- [Work instruction]: Give back the exact lines of the material below from the one containing "Interstate transport services" through the one containing "The buildings of", and no pictures.

- [The input]:
┏━━

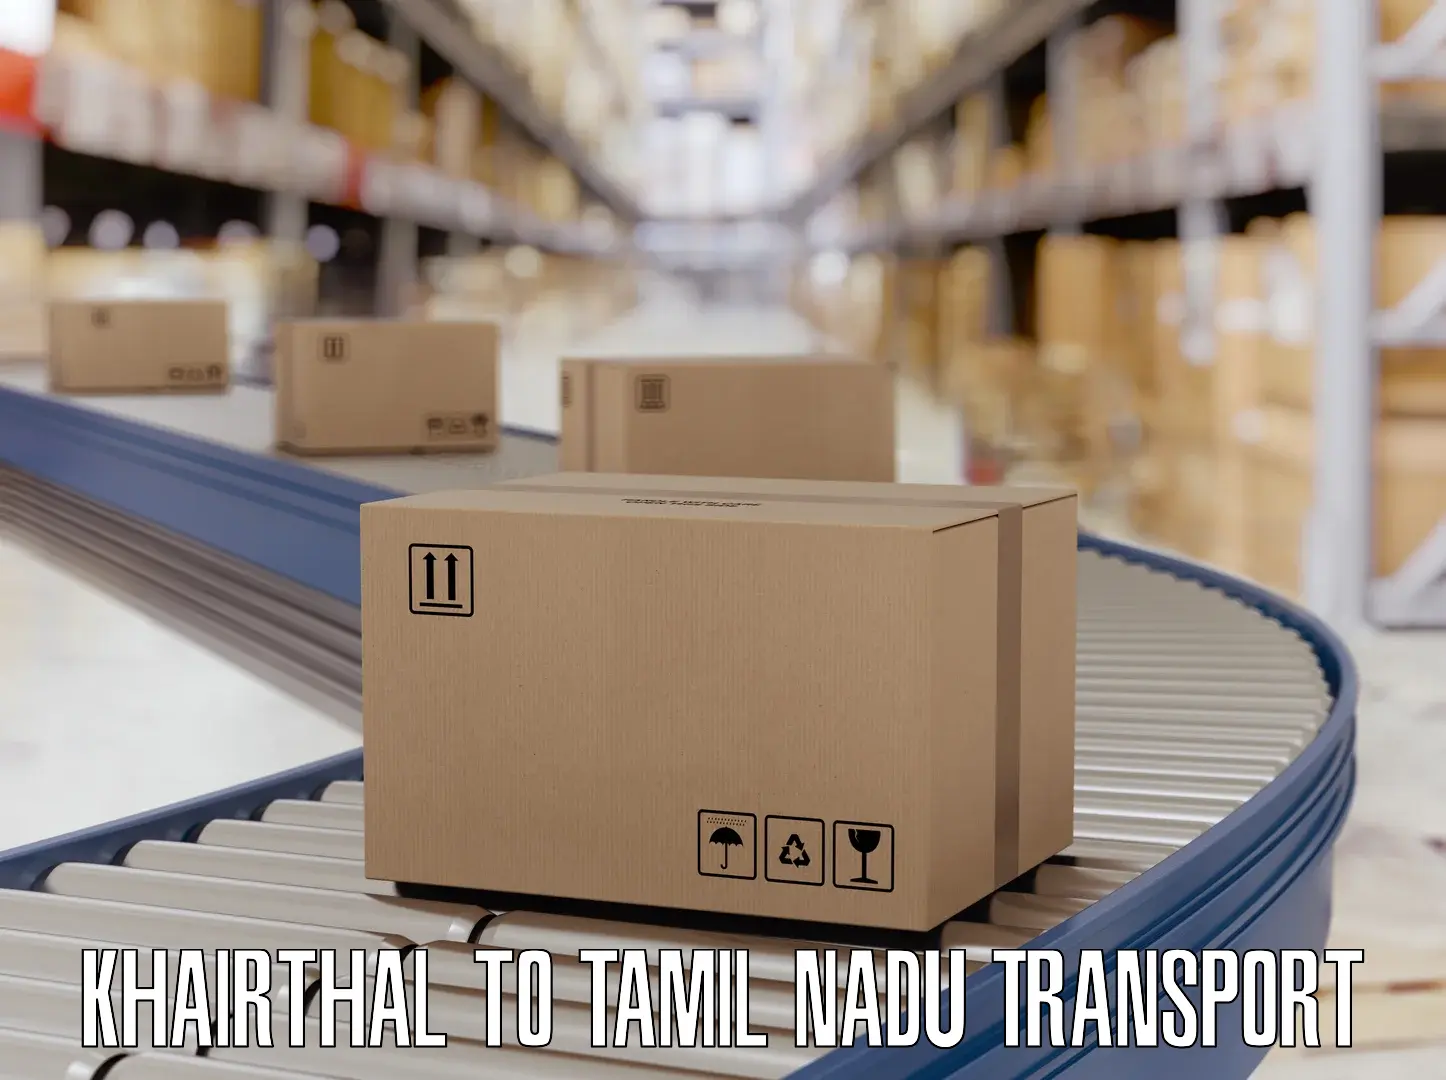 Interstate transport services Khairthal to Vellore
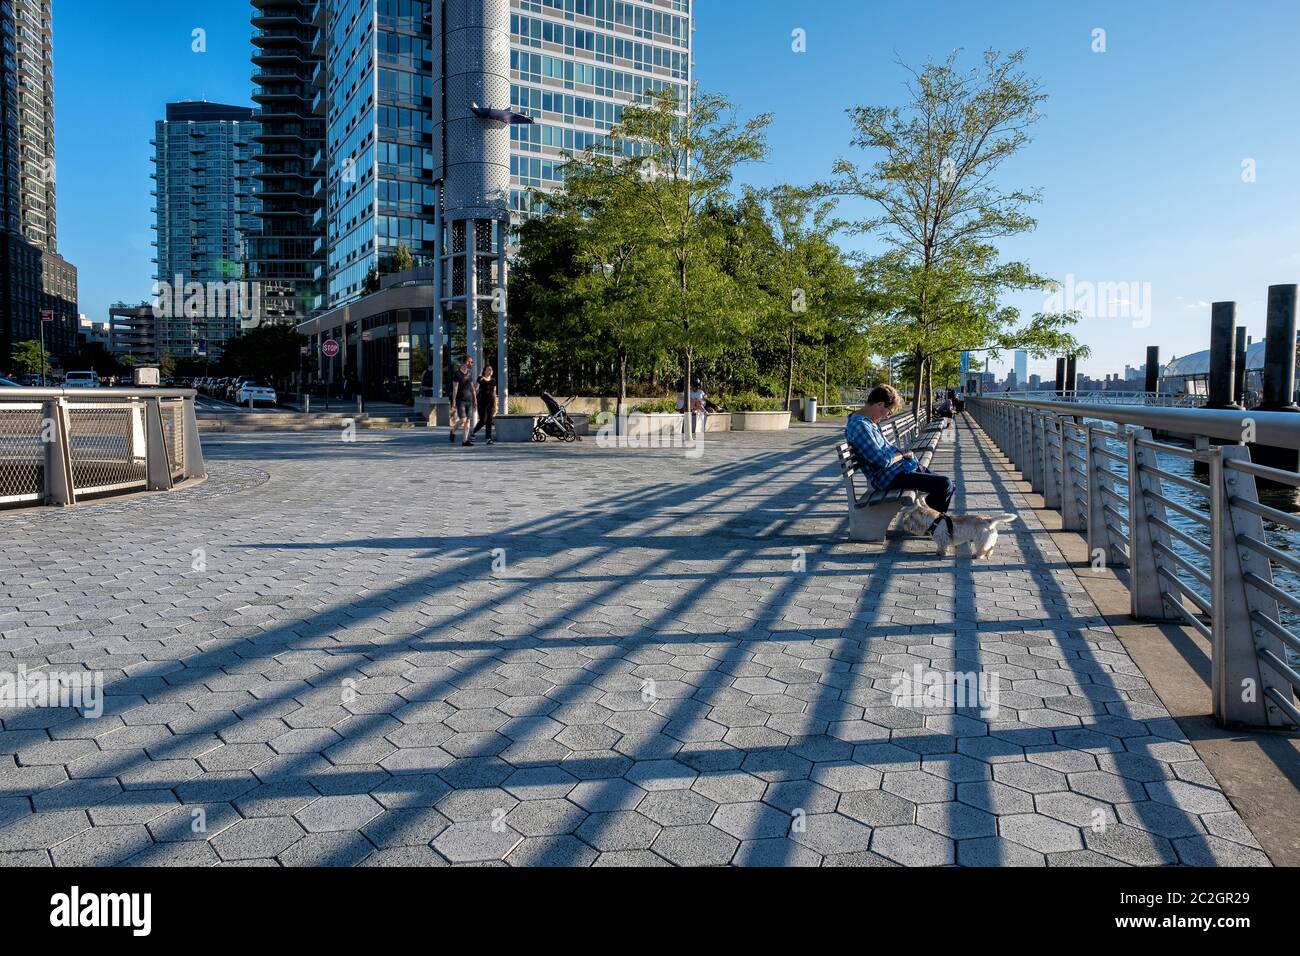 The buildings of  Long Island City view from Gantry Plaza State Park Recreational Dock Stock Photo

┗━━
┏━━

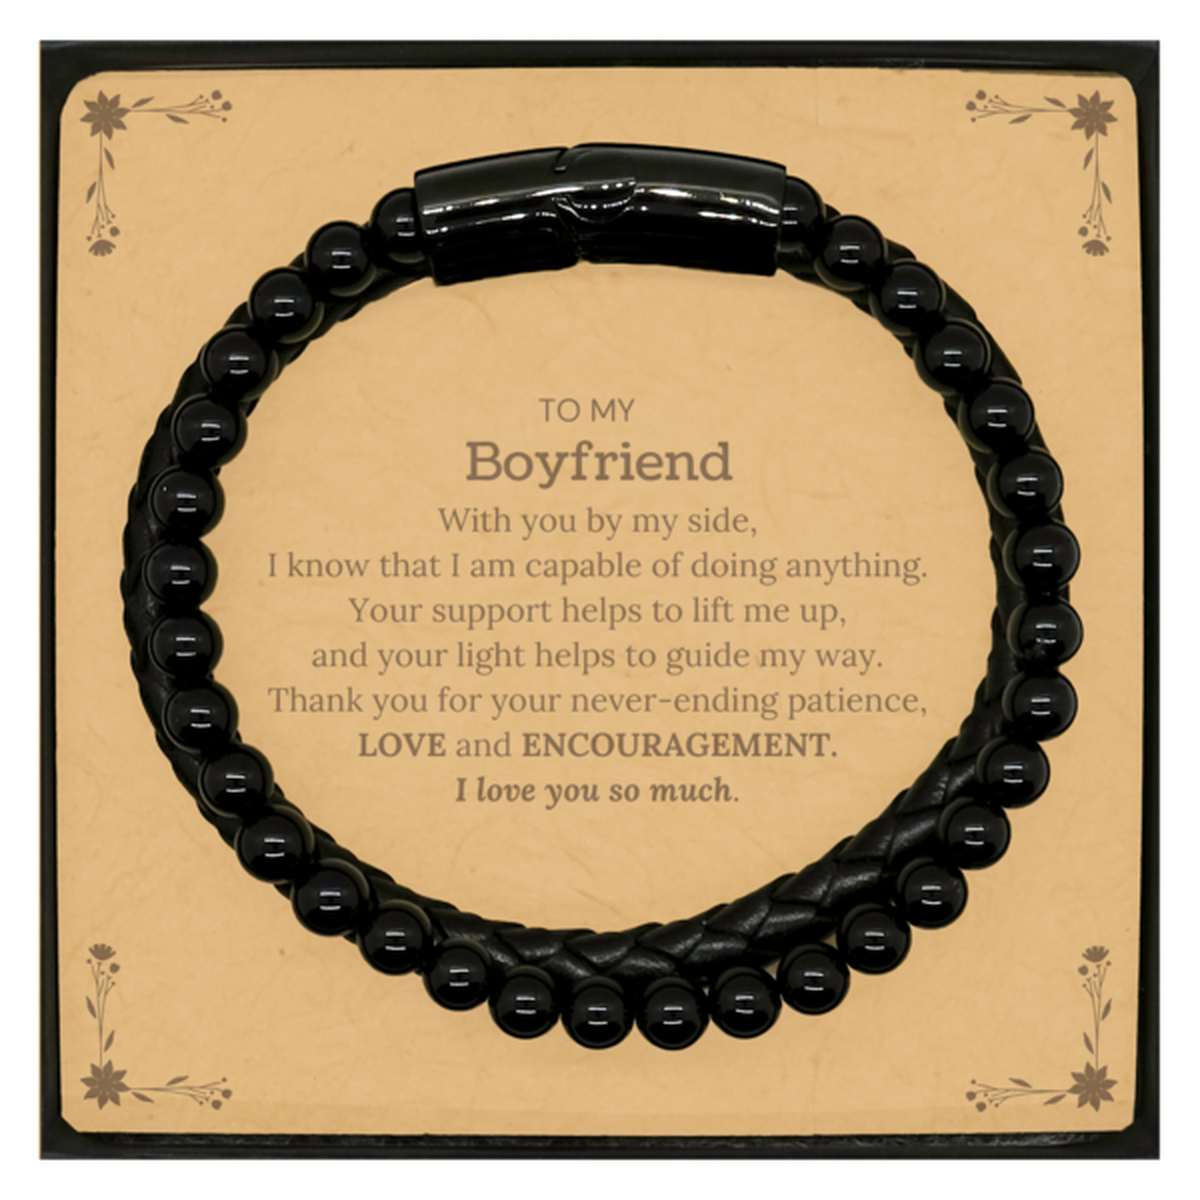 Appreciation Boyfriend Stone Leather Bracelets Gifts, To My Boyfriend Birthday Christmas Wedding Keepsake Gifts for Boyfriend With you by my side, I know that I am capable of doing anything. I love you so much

┗━━

- [Answer to this problem]:
 Interstate transport services Khairthal to Vellore
 The buildings of  Long Island City view from Gantry Plaza State Park Recreational Dock Stock Photo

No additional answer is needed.